- _DATA FOR PROCESSING_
* * *
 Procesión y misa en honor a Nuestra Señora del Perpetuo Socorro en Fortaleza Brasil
* * *
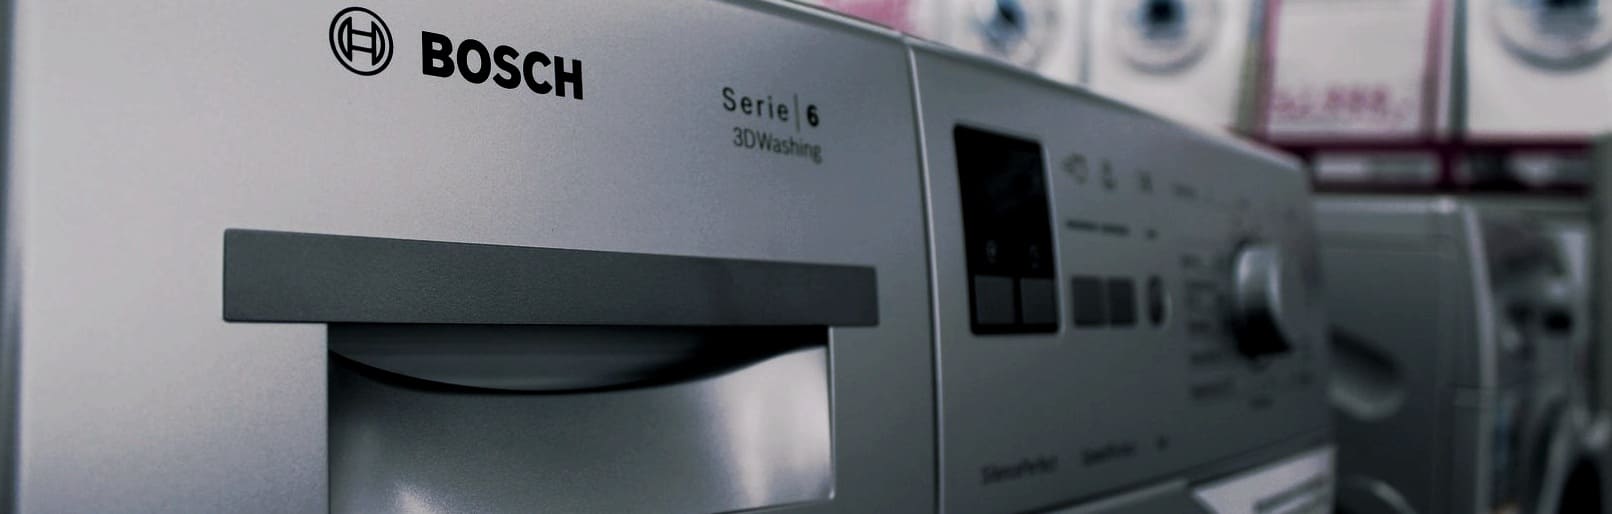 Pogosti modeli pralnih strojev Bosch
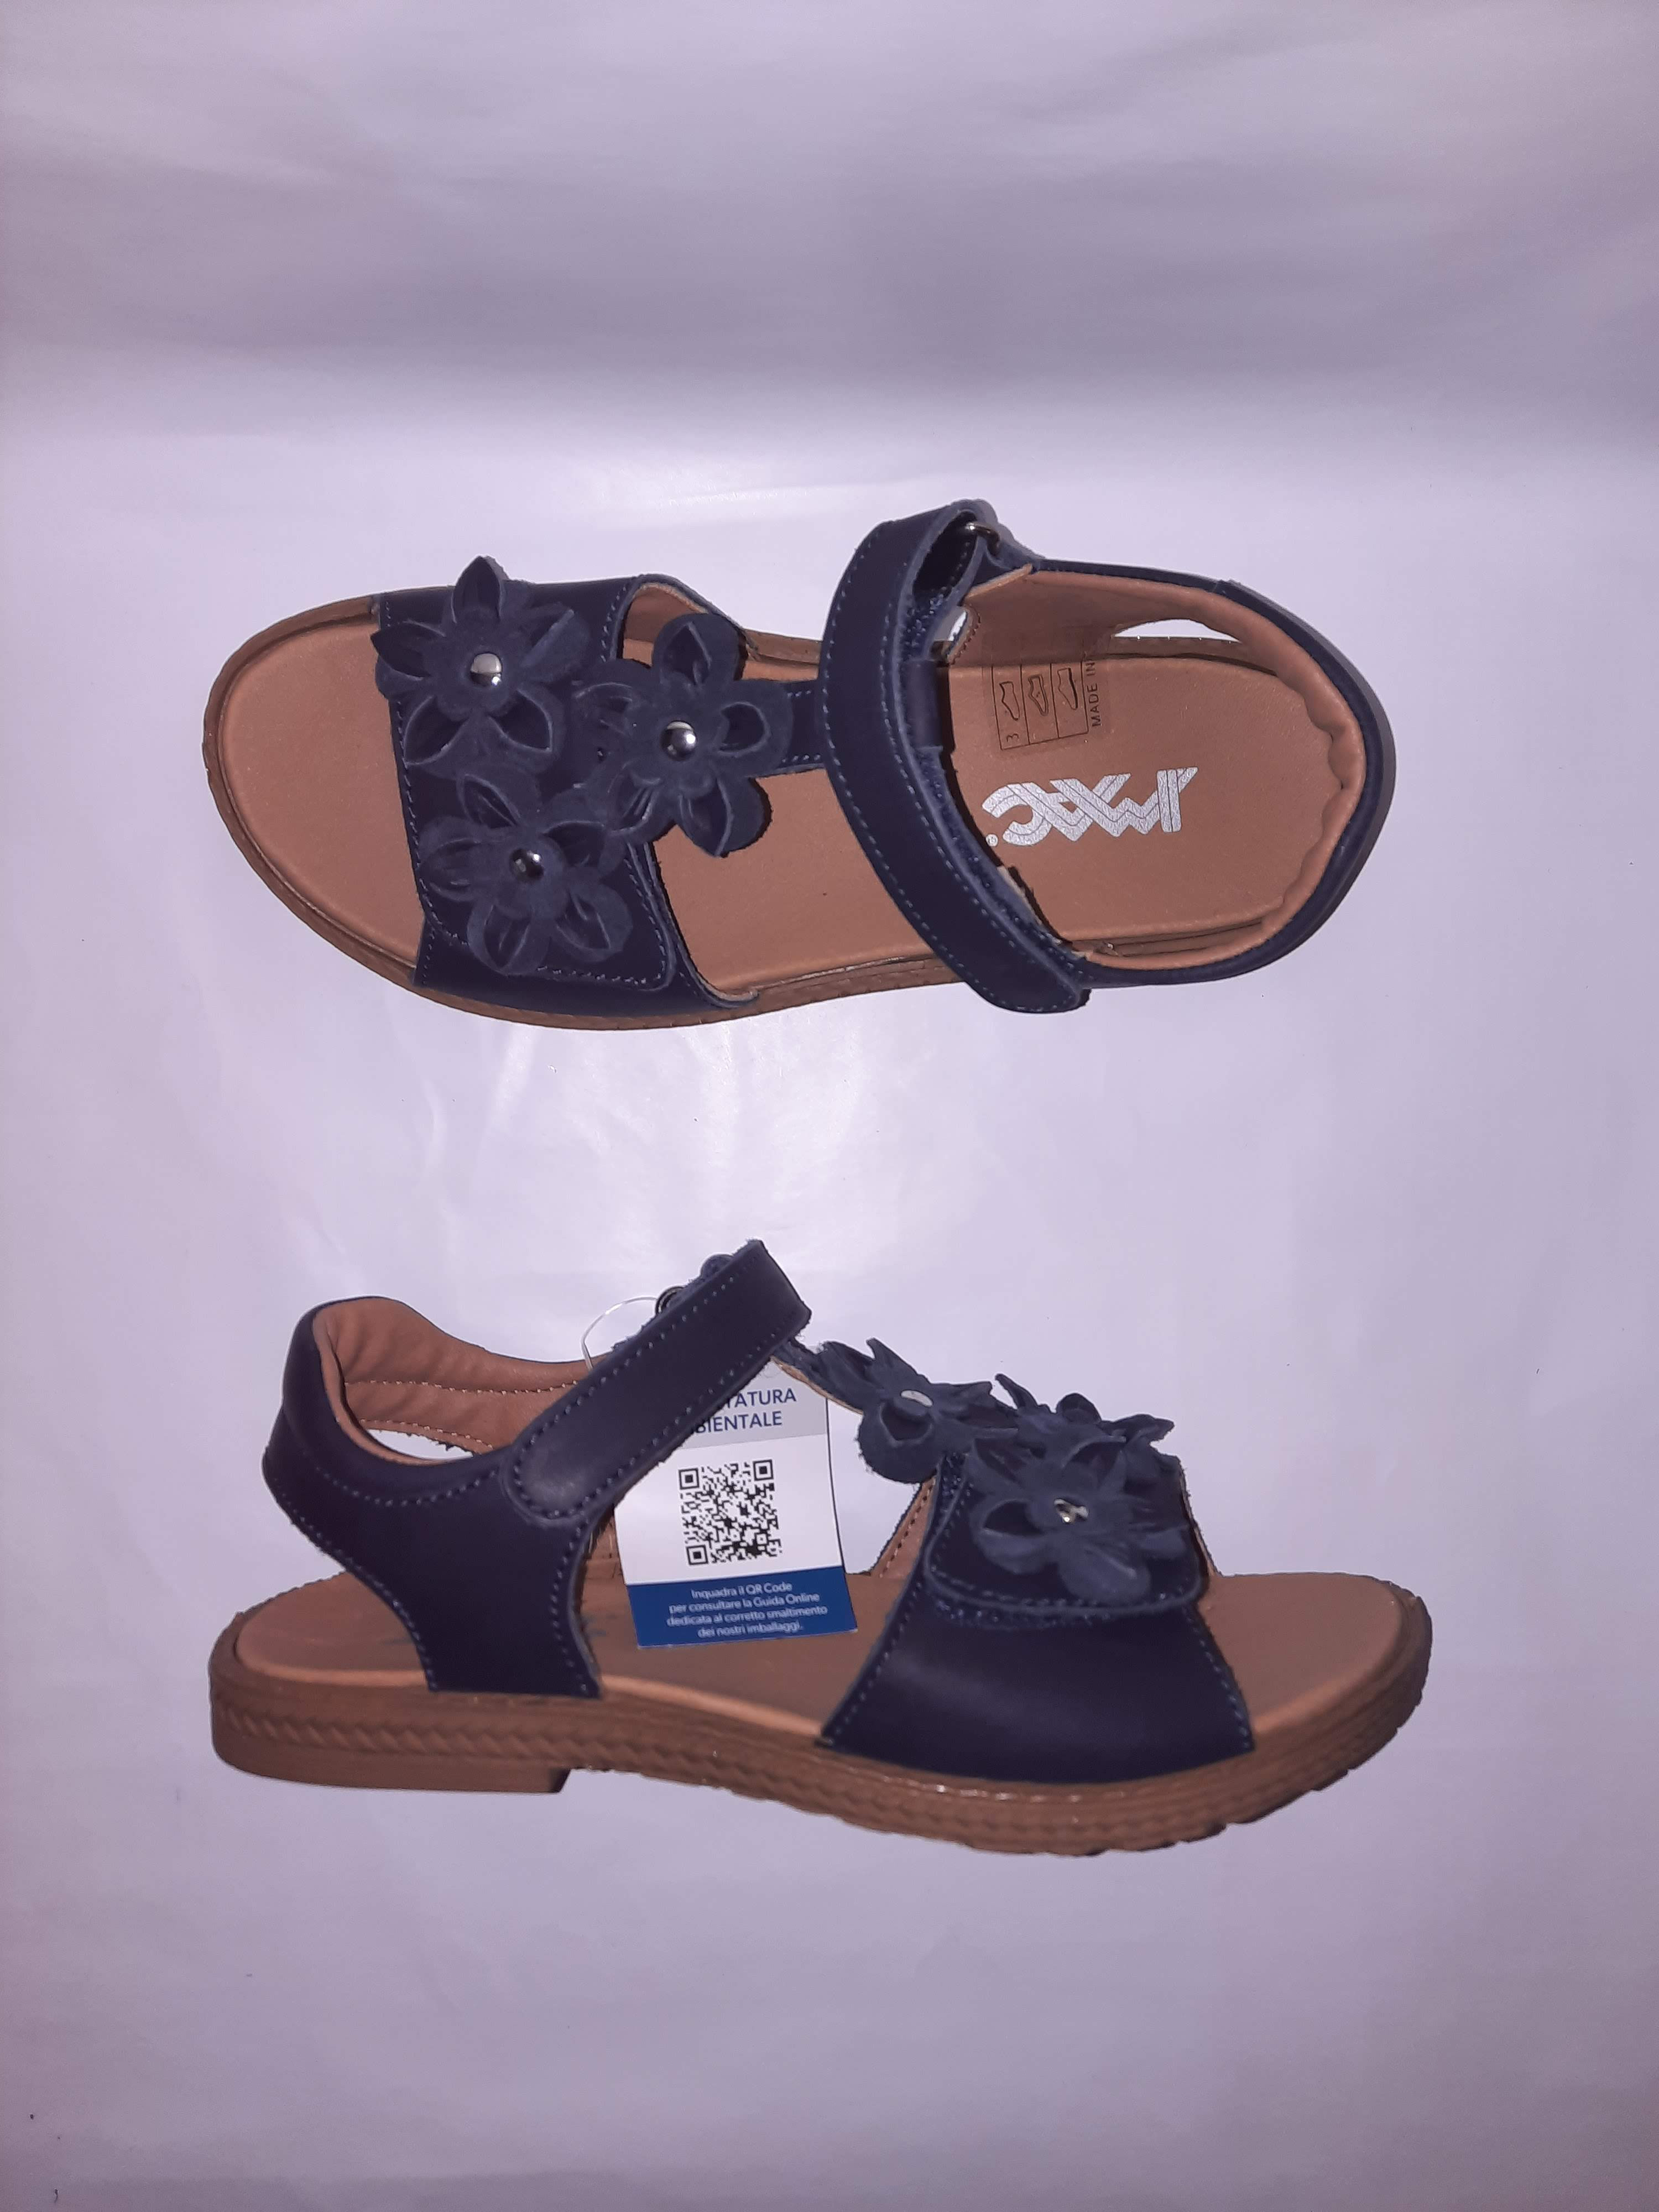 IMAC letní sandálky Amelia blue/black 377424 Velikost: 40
* * *
- _TASK DIRECTIONS_
Set down again, exactly, every line above from the one with "Pogosti modeli pralnih strojev Bosch" down to the one with "IMAC letní sandálky", both ends included. No pictures, and nothing else.

- _EXERCISE ANSWER_
 Pogosti modeli pralnih strojev Bosch
 IMAC letní sandálky Amelia blue/black 377424 Velikost: 40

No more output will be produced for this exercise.